Будучи порядочным человеком, Доминик верил, что все люди несут на своем челе печать свойственных им добродетелей или пороков. И потому при виде г-на Жерара он почувствовал упадок духа. Он нахмурился и, сев у изголовья умирающего, уронил голову на грудь.

Сидя в таком положении, он не походил на священника, готового протянуть руку беспорочной душе. Вернее всего, он испрашивал у всемогущего Бога силы выслушать исповедь злодея и побороться за заранее обреченную душу с самим Сатаной.

Умирающий только стонал и плакал, и брату Доминику пришлось заговорить первым.

— Вы меня звали? — спросил он.

— Да, — ответил г-н Жерар.

— В таком случае, я вас слушаю.

Господин Жерар бросил на священника беспокойный взгляд, и его глаза, казавшиеся потухшими, сверкнули в полумраке.

— Вы очень молоды! — заметил он.

Доминик встал, не имея сил справиться с охватившим его чувством гадливости.

— Я не просил приводить меня сюда, — проговорил он.

Однако больной поспешно вытащил из-под одеяла исхудавшую руку и схватил монаха за полу сутаны.

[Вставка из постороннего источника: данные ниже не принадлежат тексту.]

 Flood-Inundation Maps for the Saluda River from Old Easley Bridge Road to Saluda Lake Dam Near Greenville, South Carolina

— Нет, останьтесь! — продолжил он. — Я хотел сказать, что в вашем возрасте вы, может быть, недостаточно размышляли о мрачной стороне жизни и не найдете ответа на вопросы, которые я хочу вам задать.

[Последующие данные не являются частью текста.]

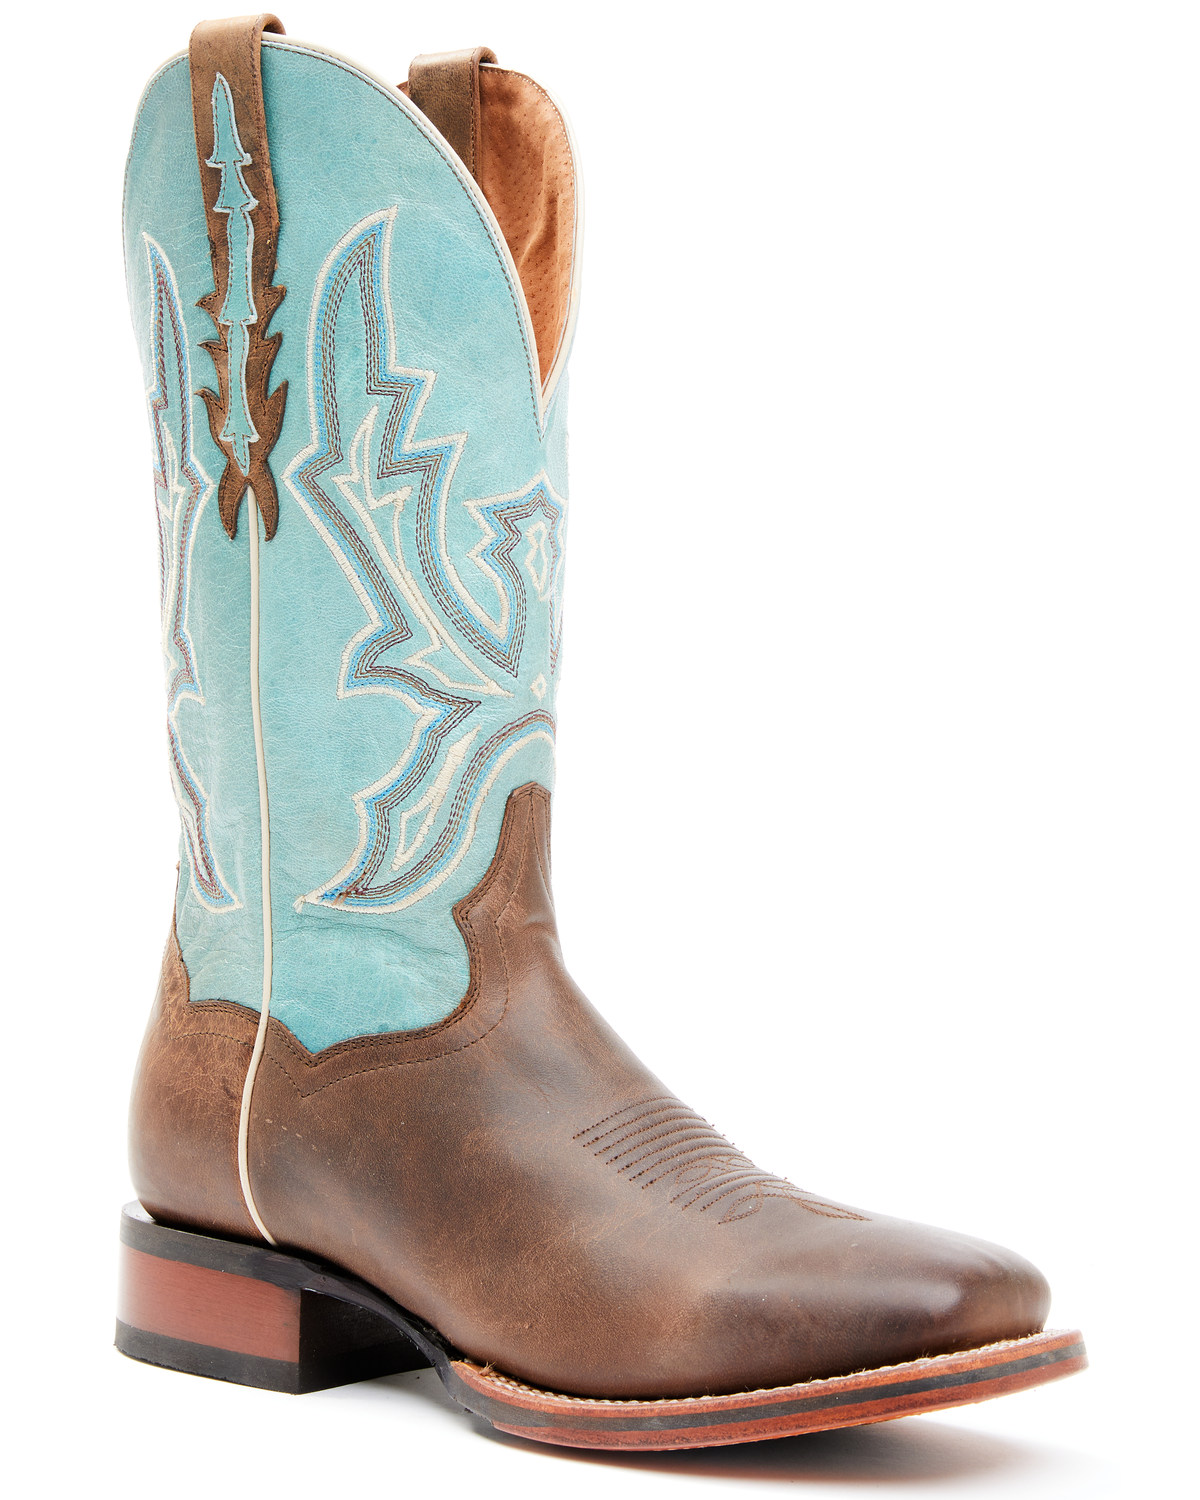 Dan Post Men's Embroidered Western Performance Boots - Broad Square Toe

— Что мне на это сказать? — отвечал священник. — Если вы будете спрашивать, взывая к моей душе, я отвечу вам от всей души; если вы обратитесь к моему разуму, я постараюсь ответить, сообразуясь с разумом.

Наступило молчание. Монах продолжал стоять.

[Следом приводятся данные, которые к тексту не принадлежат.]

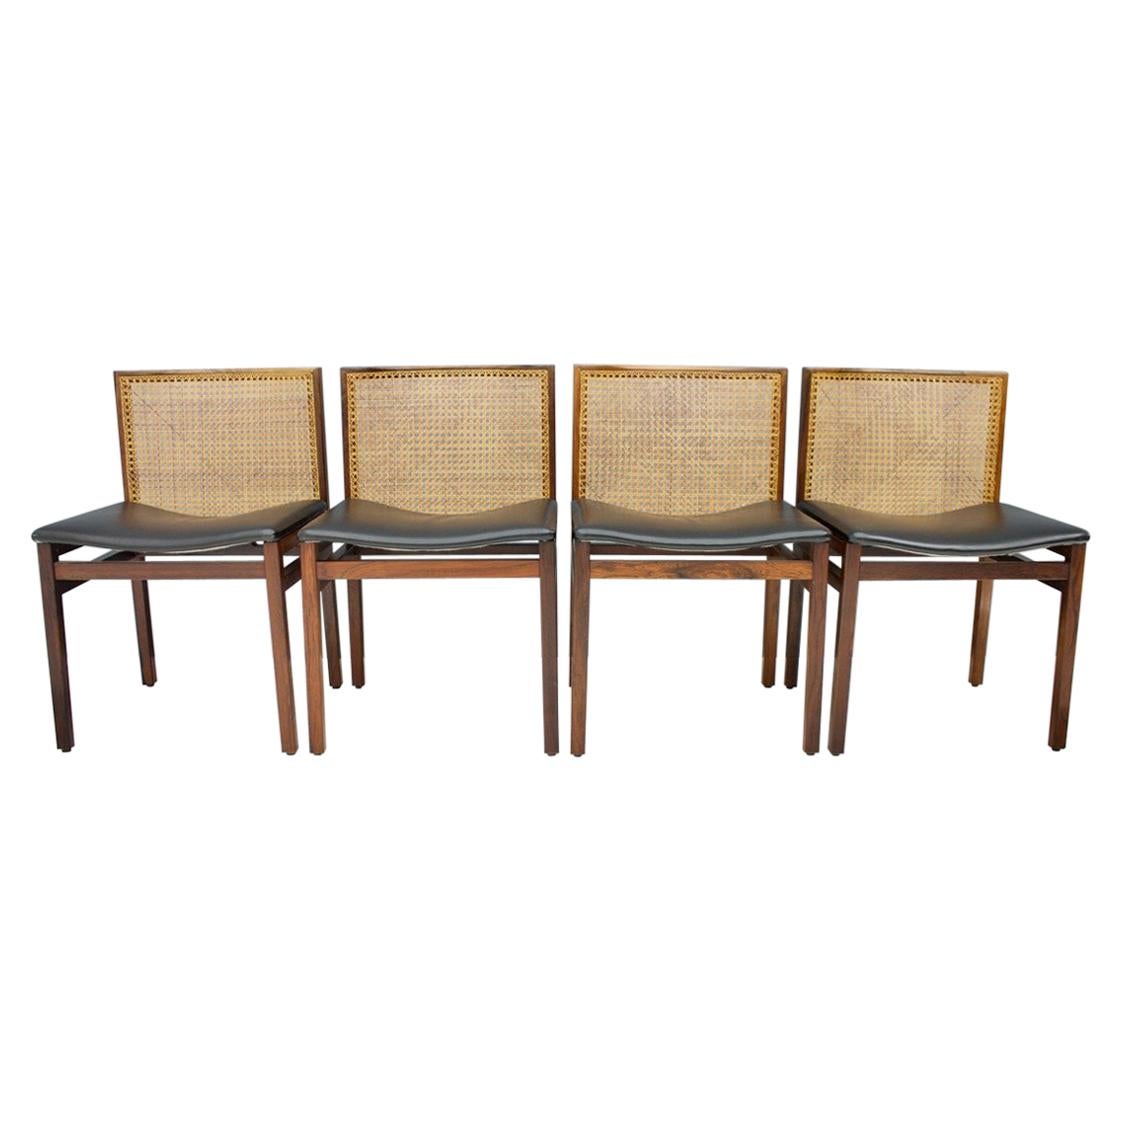 Tito Agnoli Dining Room Chairs, Italy, 1960s For Sale

— Садитесь, святой отец, — умоляюще проговорил г-н Жерар.

Доминик снова опустился на стул.

— Теперь, святой отец, — промолвил больной, — Небом заклинаю: пусть вас не возмущают просьбы, с которыми я собираюсь к вам обратиться, и прежде всего обещайте мне, что не уйдете, пока не выслушаете мою исповедь до конца… Для такой тайны, как моя, довольно будет и одного свидетеля!

— Говорите, — сказал священник.

— Вы лучше меня знаете догматы Церкви, которую представляете, святой отец…

Господин Жерар замолчал.

— Святой отец, — продолжал он после некоторого колебания, — вы верите в загробную жизнь?

Священник взглянул на него, не скрывая презрения.

— Если бы я не верил в мир иной, — заметил он, — разве в этом мире я надел бы на себя сутану?

Господин Жерар тяжело вздохнул. Довод доминиканца вполне его убедил.

— Да, понимаю, — сказал он. — А вы верите, святой отец, что в загробной жизни человеку воздается по делам его?

— А иначе зачем же загробная жизнь?

— И вы полагаете, святой отец, — продолжал умирающий, — что исповедь совершенно необходима для отпущения наших грехов и что прощение Господне может снизойти на виновного лишь через посредство Божьего слуги?

— Так утверждает Церковь, сударь.

— Однако я считал, — начал было умирающий, — что в случае полного раскаяния…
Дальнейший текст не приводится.